Commanders and leaders
- Datu Teteng: Capt. George Cowley Capt. John Herbert

Strength
- Hundreds: Approximately 100–200 defenders

Casualties and losses
- Unknown: Heavy; Settlement destroyed

= Sack of Balambangan Island =

Sulu pirate raid in British East Indian Company settlement

The Sack of Balambangan was a military assault launched by pirates and forces of the Sultanate of Sulu against British East India Company settlements on Balambangan Island on February 26, 1775, in retaliation for the public ridicule of the cousin of a Sulu Sultan, named "Datu Teteng" by Captain John Herbert, the captain in charge of the British settlement in Balambangan Island in a confrontation or dispute. The attack overwhelmed the British garrison, destroyed the settlement, killed or captured many of its defenders and settlers, and forced the British to abandon the island. The defeat temporarily ended Britain's first attempt to establish a permanent settlement on Balambangan.

== Background ==
Following agreements between the British East India Company and the Sultan of Sulu in 1773, the British established a trading settlement on Balambangan Island. The settlement was intended to become an important commercial base between India, China, and the Malay Archipelago.

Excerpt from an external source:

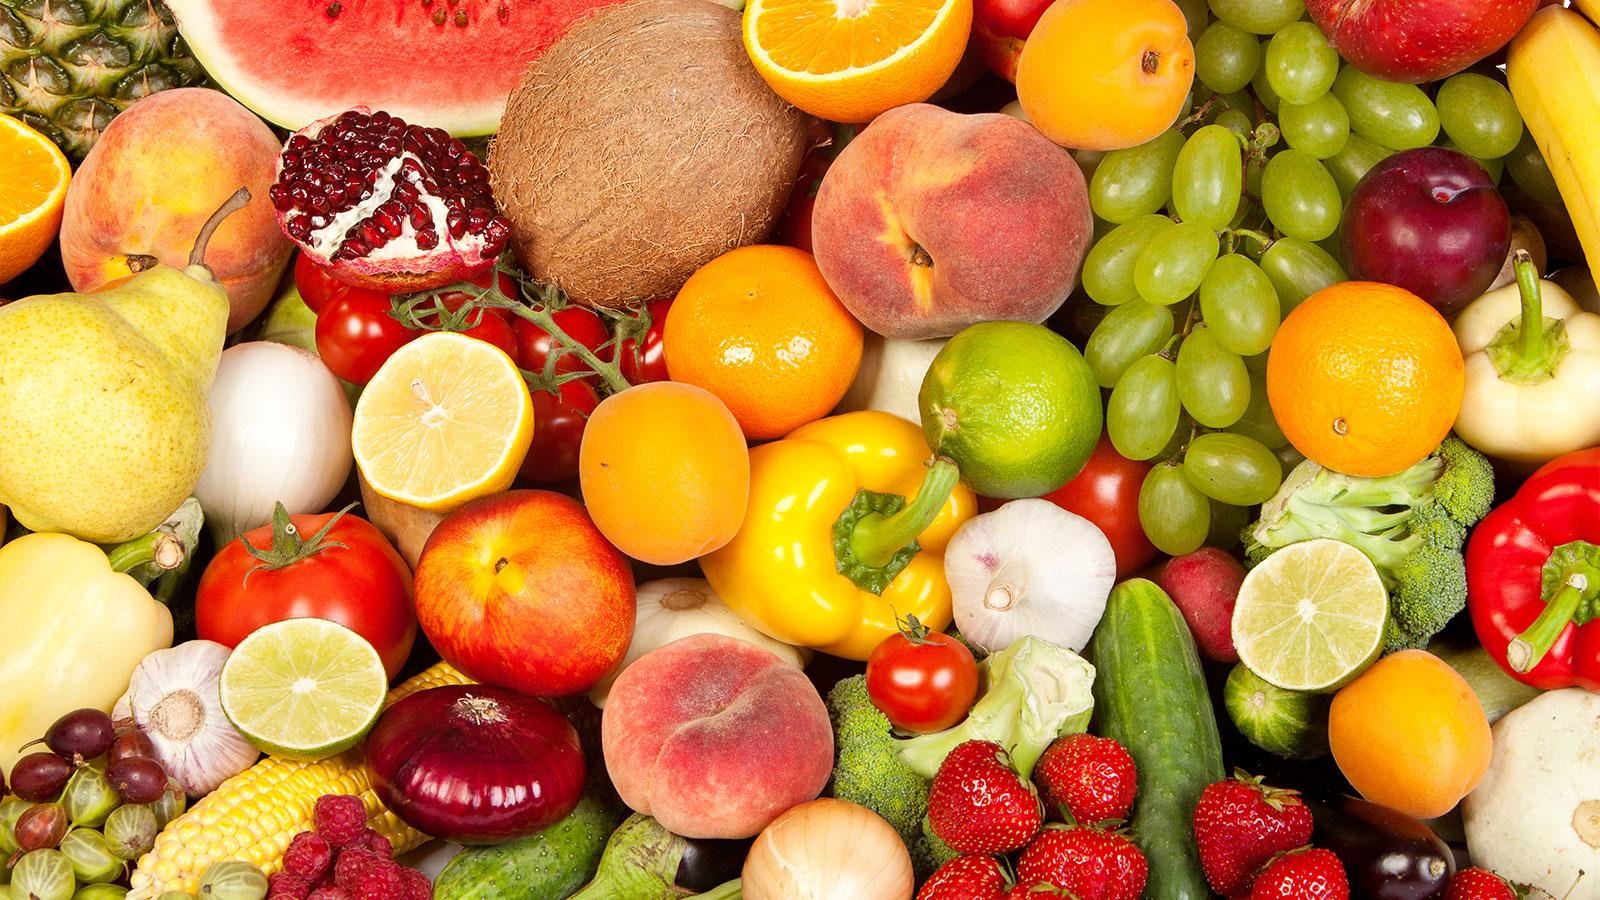 朝が効く?フルーツダイエットの効果と具体的な方法を紹介します

Relations soon deteriorated because many Sulu nobles believed the British had failed to fulfill their obligations and had interfered with local commerce and politics. And that John Herbert had disrespected Datu Teting, the cousin of the ruler of Sulu, in a dispute.

== Battle ==
On 5 March 1775, a large force from the Sultanate of Sulu attacked the British settlement by surprise. Hundreds of Sulu attackers rapidly overran the defenses after fierce fighting.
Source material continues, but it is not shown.